Turn latency and interruptions

These expose conversational friction.
  • Turn latency: How long the agent took to respond
  • Interruptions: Where the user barged in
Use these to:
  • Shorten overly long spoken responses
  • Identify places where users lose patience
  • Improve pacing and phrasing
Example: Repeated interruptions during policy explanations usually mean the response is too long for voice.

Audio controls

For call channels, you can:
  • Play back audio
  • Switch between merged and split audio
  • Download recordings
Use split audio to:
  • Isolate ASR issues
  • Hear user speech clearly
  • Diagnose barge-in timing

Annotations

Annotations turn observations into action.
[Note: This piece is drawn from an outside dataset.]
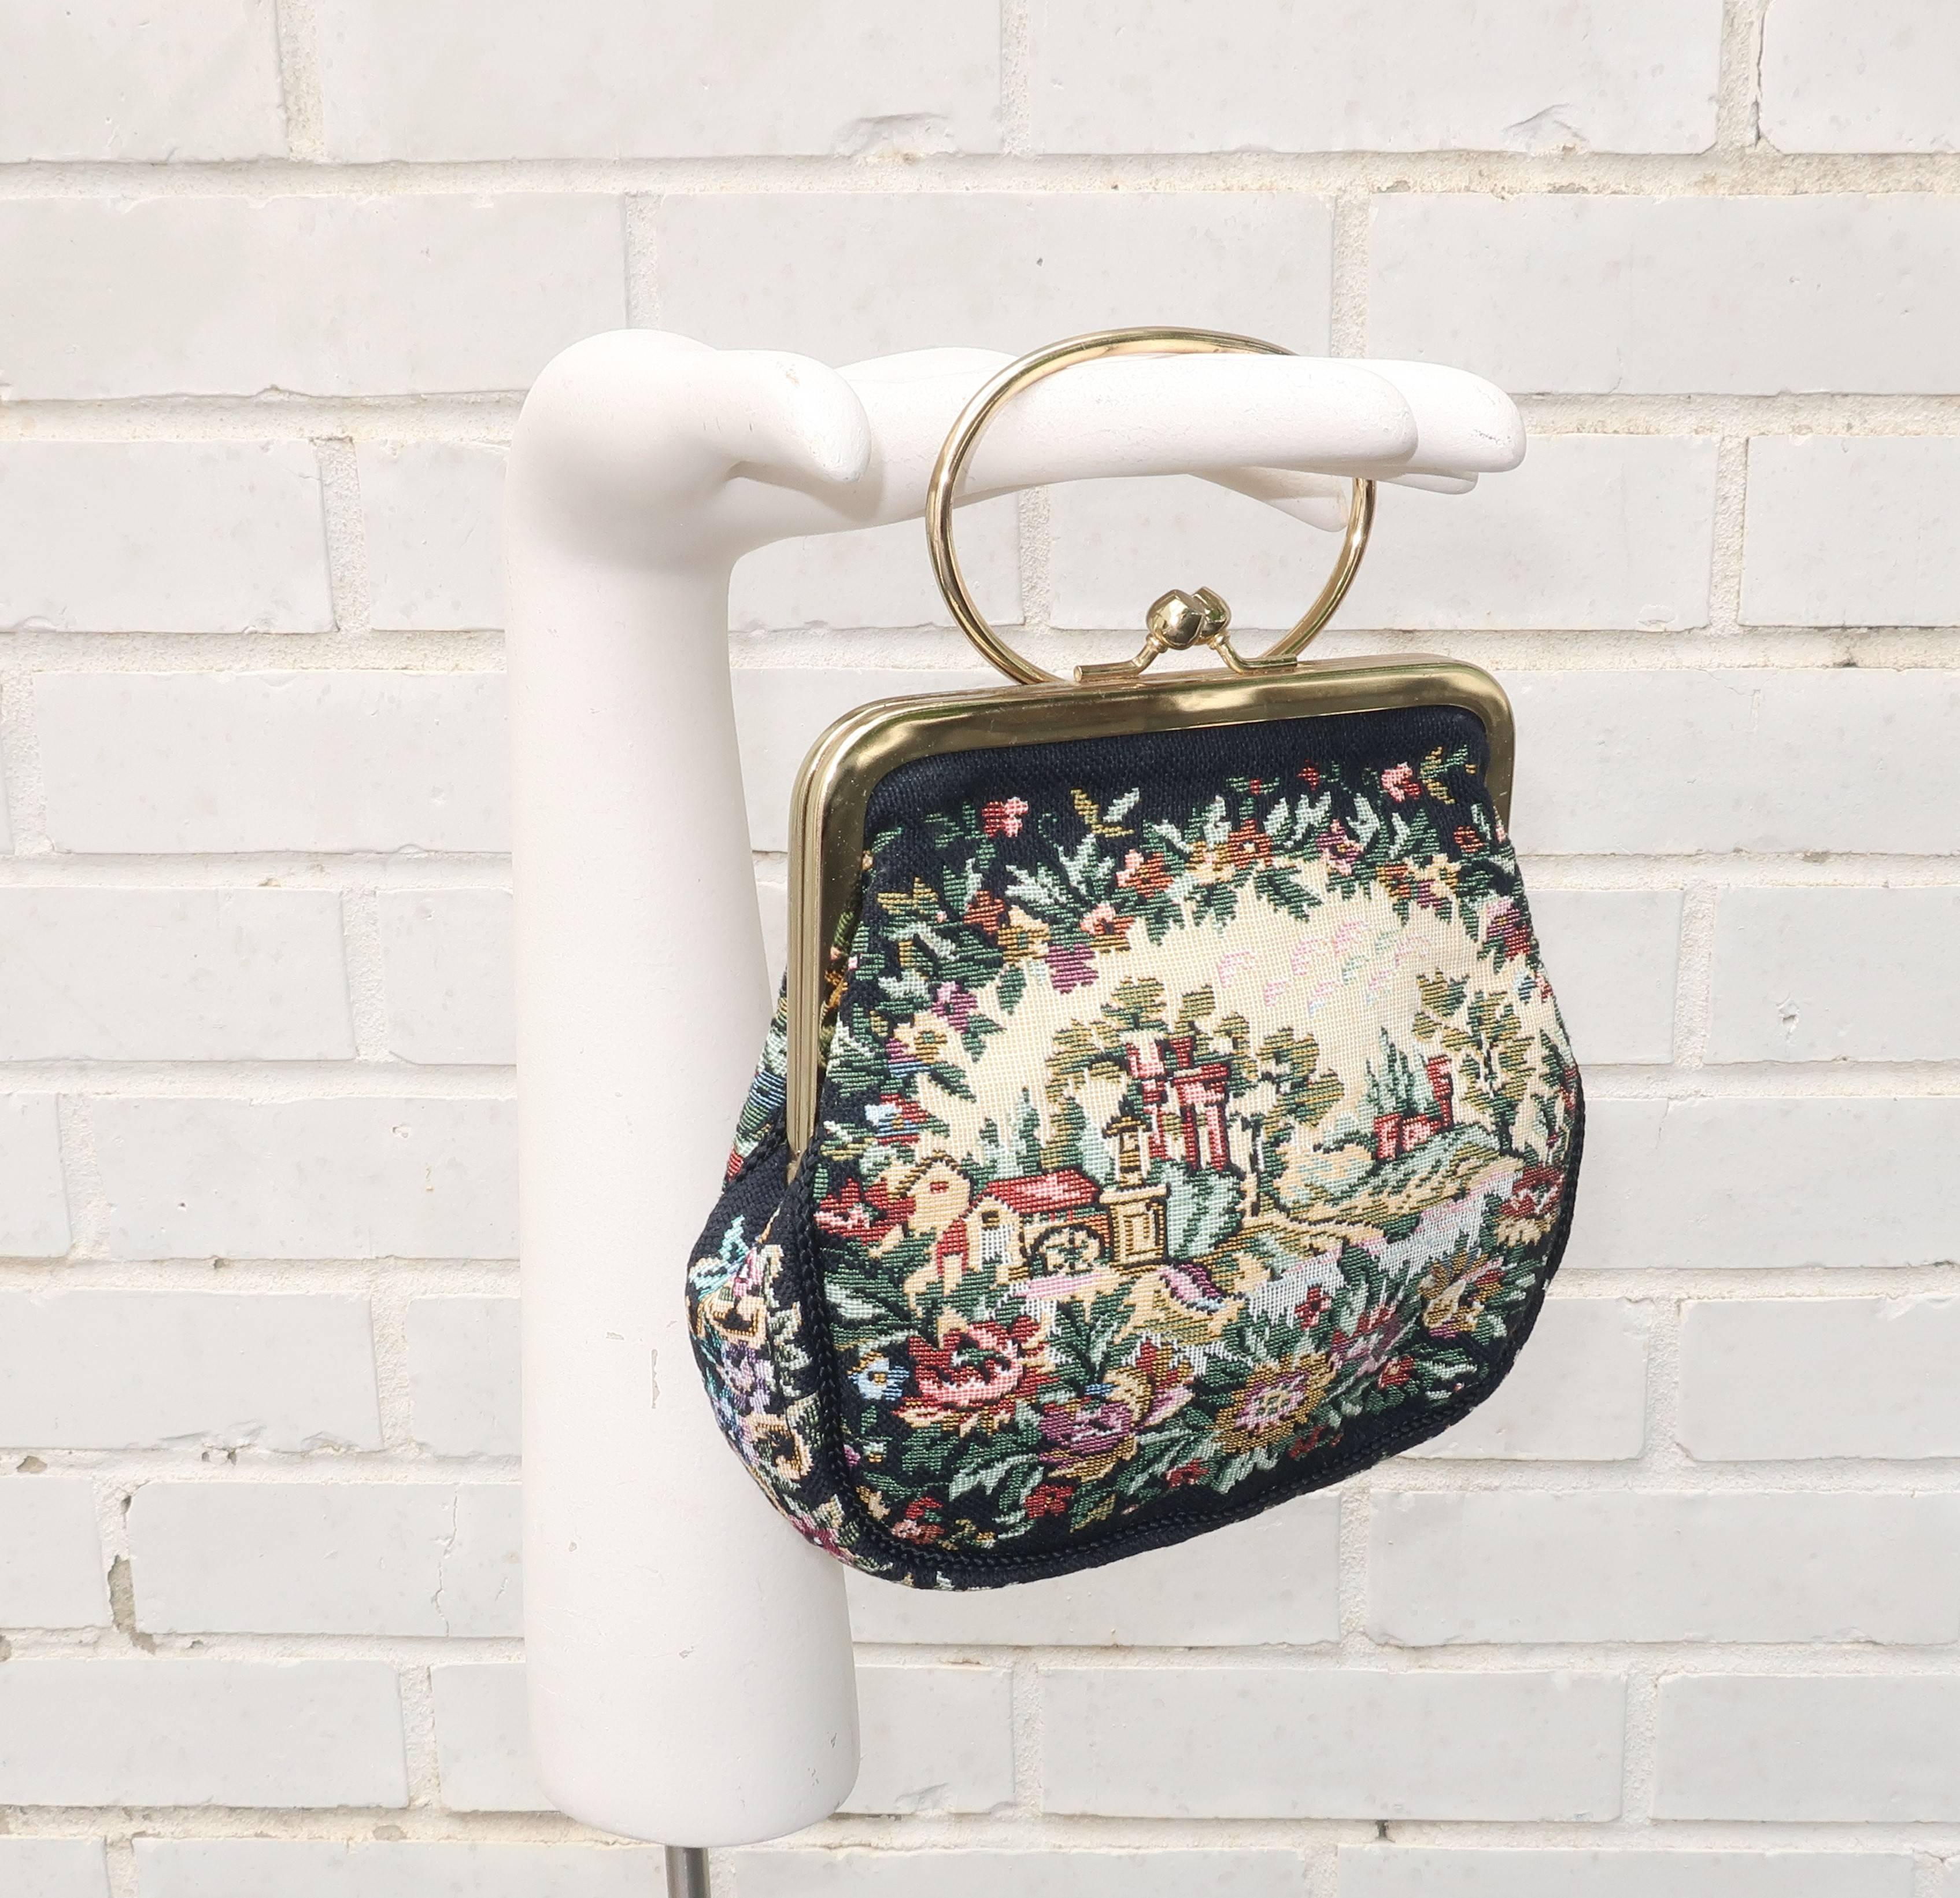  Hilde Walborg founded her company in the 1940's and produced classically styled handbags that offered a little something different for a special occasion.  This charming tapestry bag features a vibrant bucolic scene incorporating shades of beige,

You can mark:
  • Wrong transcription (ASR error)
  • Missing topic (KB gap)
Use annotations to:
  • Track recurring issues
  • Guide KB expansion
  • Inform ASR or rules tuning
Example: Multiple “Missing topic” annotations around refunds → create a dedicated refund KB topic.
Annotations can also be shared with PolyAI for support and improvement workflows.

What “good” looks like

A strong Conversation Review session ends with at least one concrete insight:
Add two more sample questions to topic X Split topic Y into two intents Shorten spoken response in topic Z Move SMS offer earlier / later Add clarification instead of guessing
If review feels vague or inconclusive, the agent is not yet observable enough.

Final check

Before moving on, make sure:
  • You can explain why each response happened
  • You can trace responses back to KB, rules, or flows
  • You can identify at least one improvement per test session
Conversation Review is not a reporting tool. It is how you learn to build better agents.